From 2004 to 2009, Artel owned an independent art gallery named Rael Artel Gallery: Non-Profit Project Space. In 2004–2008, it was based in Pärnu, while from March 2006 to January 9, 2009 it had a branch in Tartu, in the building of Tartu City Library.

In 2007 she initiated a project called Public Preparation, a networking and knowledge collection platform for modern European art. Since 2008, exhibitions and seminars have been held using that framework.

In 2010–2015, Rael Artel was the artistic director of ART IST KUKU NU UT, an annual festival of modern art held in Tartu. She has also held lectures in Estonian Academy of Arts.

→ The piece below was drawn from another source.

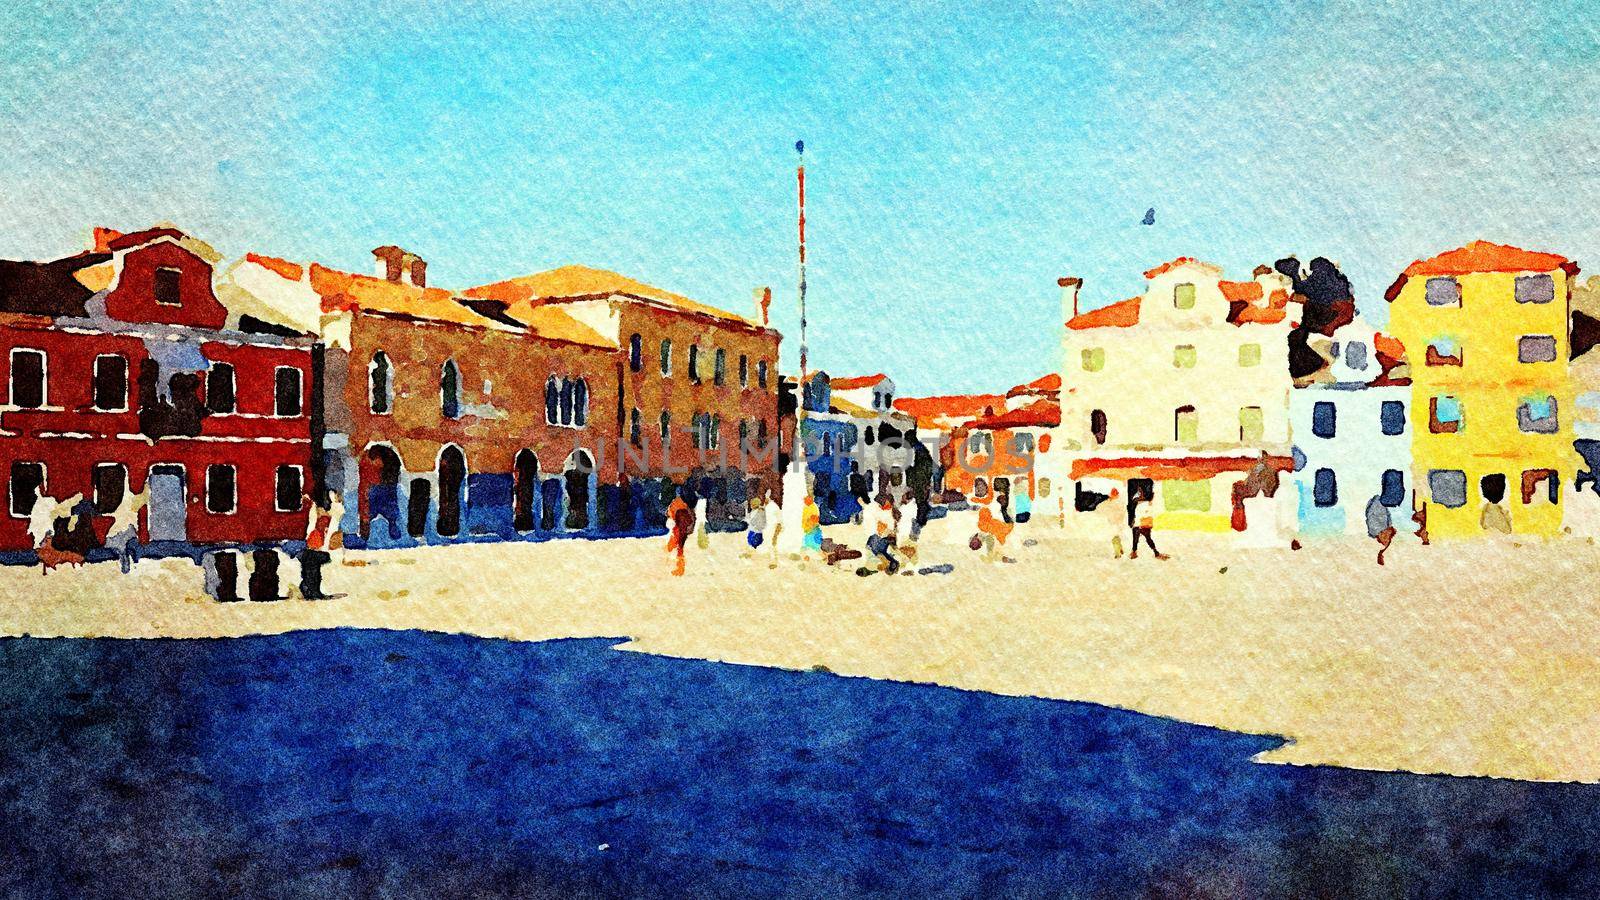 Watercolor which represents a glimpse of the main square of Burano in Venice

In March 2013, Artel became the director of Tartu Art Museum.

Work as a curator 
Since 2000, Rael Artel has been a curator in Estonia, Warsawa, Lisbon, Amsterdam and New York City. Amongst those are Let's talk about nationalism! Between Ideology and Identity in Kumu (2010), Lost in Transition in Contemporary Art Museum of Estonia (2011), Art Must Be Beautiful. Selections by Marina Abramović in Tartu Art Museum (2011), Life in the Forest in Arsenal Gallery in Białystok (2011), After Socialist Statues in the modern art center KIM? in Riga (2011), Explosion in Pärnu and Old News in Kumu as part of the exhibition Archaeology and the future of Estonian art scenes (2012), 's How to Wear Red? in Tartu Art Museum (2013) ning My Poland. On Recalling and Forgetting in Tartu Art Museum (2015). In 2012, Rael Artel and Kaisa Eiche (:et) were curators for an exhibition of the most scandalous works in modern Estonian art MÖH? FUI! ÖÄK! OSSA! VAU! in Tartu Art Museum.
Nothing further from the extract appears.